Mind if I join you guys?
Yesterday we did our first plated brunch. People loved it. Imagine the best brunch you ever had, with someone to go through the line for you... and instead of your food sitting in a chafing dish it is made to order. Huge selection of most everything breakfast plus steak, chicken pork loin and trout including Korbel Champagne, juices and coffee for $16. It was only a test run but folks really seemed to love it.
Bar stools seem to be having the desired effect. Both Friday and Saturday night I had people occupying the stools a cool 2 hours later than previous weeks, rave reviews and what seemed to be the beginning of an "atmosphere". If this trend continues; I'll have to seriously consider buying some quality, comfortable chairs for the dining rooms as well. (Wouldn't it be funny if what people really wanted was just a comfortable place to sit?)
Night before last I had a Bride and Groom to be (and his parents) come in to discuss their rehearsal dinner reservation for 55.
Did you say reservation?
Do you mean you don't know about our reservation?
This, 20 minutes before we opened for dinner.
It seems they've been planning this for over a year and are in fact getting married across the street with half the who's who in attendance by the sounds of it. The only problems are:
1. Our main dining room upstairs typically seats 11 less people than that.
2. We haven't the kitchen capacity to do a party half that size in a plated at once setting... Especially when you consider that the food they were promised is Sautee items off the menu that have to be served within a minute or two or they're garbage.
3. It's scheduled for a Friday night, 7:00PM.
4. 55 Crème Brulée Dishes would cost how much?
5. We have neither an Alto sham nor a Heat box (should have both for a party this big) nor about a zillion other things banquet facilities all have.
Put simply, we're too ill-equipped for this type of function to consider one half its size.
Vs
A crying bride who's planned this for years to the finest detail, who'll be getting married across the street from our restaurant on the following day.
So, when they came back yesterday, I made it abundantly clear why we couldn't do it, why we shouldn't do it and why doing it would result in a net loss and had the potential for disaster... and then laid out the conditions under which we'll do it... which of course, we will.
I suspect the cost of this party will be roughly double what we're charging by the time all is said and done... but cannot imagine denying these people what they were promised a year ago.
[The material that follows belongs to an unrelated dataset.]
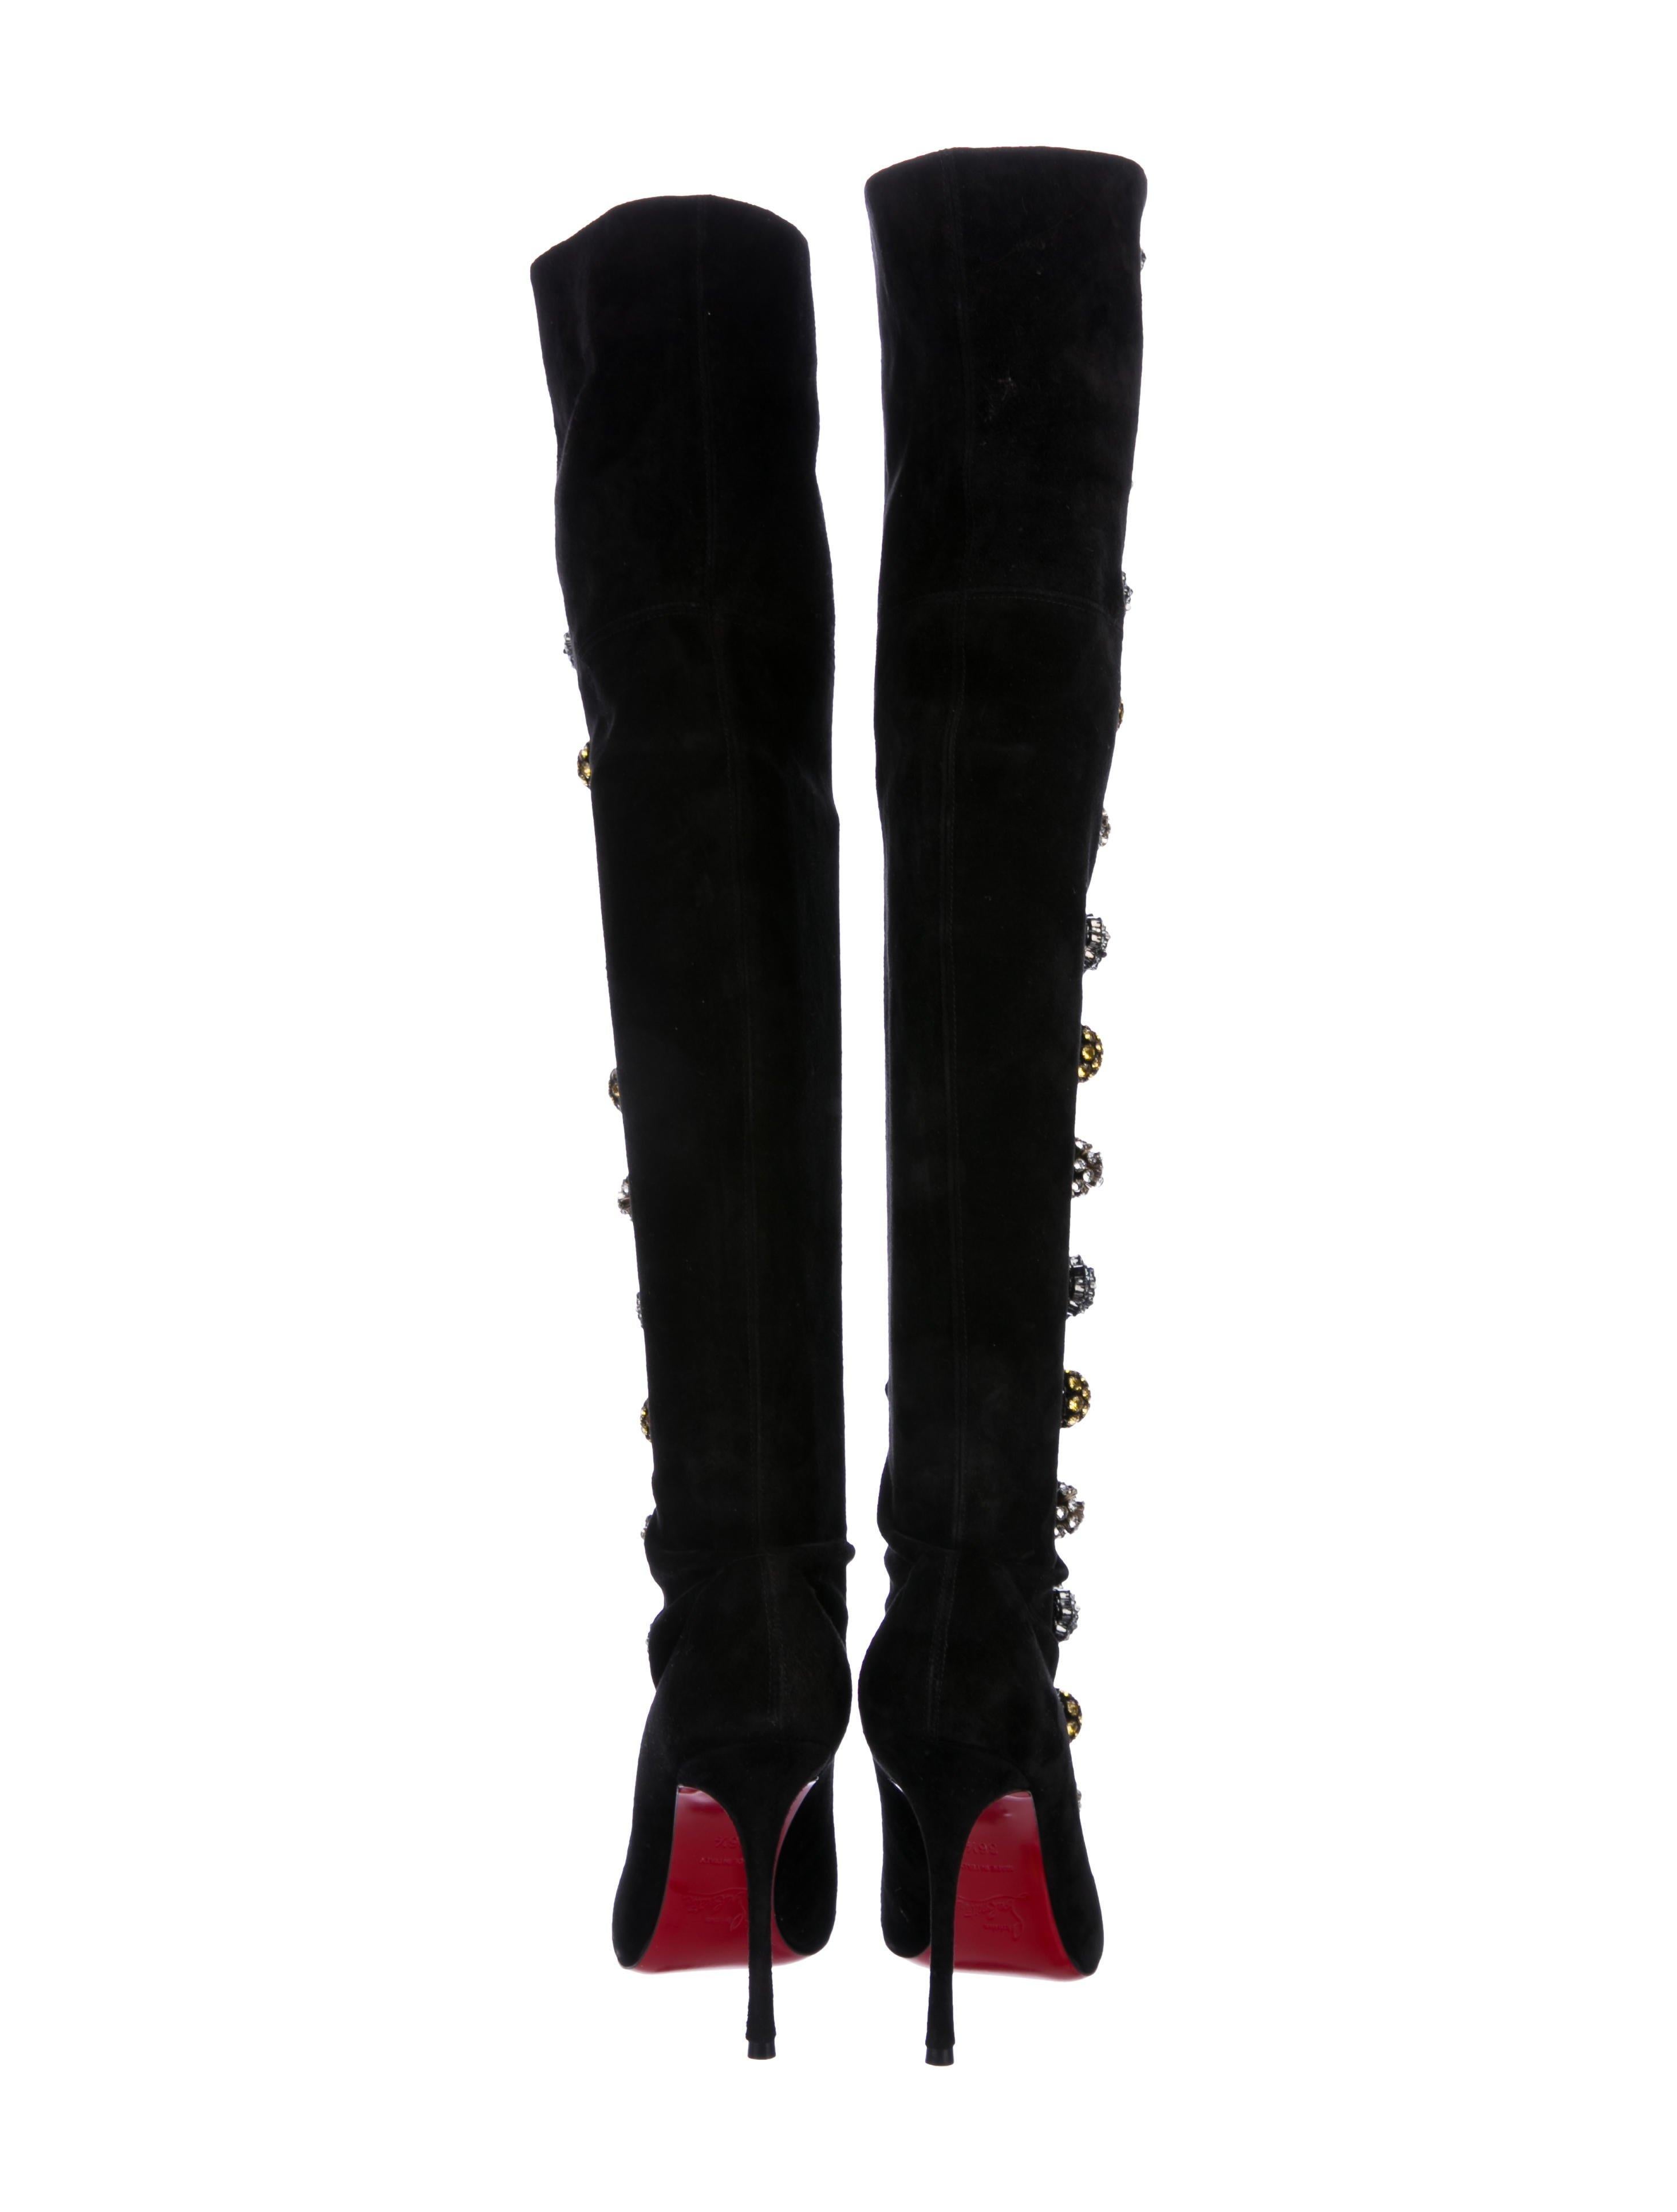 Women's Christian Louboutin NEW Black Suede Flower Buckle Evening Knee High Boots

On the plus side, both my partner and his Sou Chef have extensive backgrounds in banquet service in some of the finer lodges around. I'm hopeful the positive word of mouth advertising from promising less than we believe we can really deliver will make it's mark on the minds of those in attendance. Our goal is to make a better impression than the pro's will with their fancy equipment, facilities and experienced staff the following evening.
We'll just have to wait and see. :wink:
What fun!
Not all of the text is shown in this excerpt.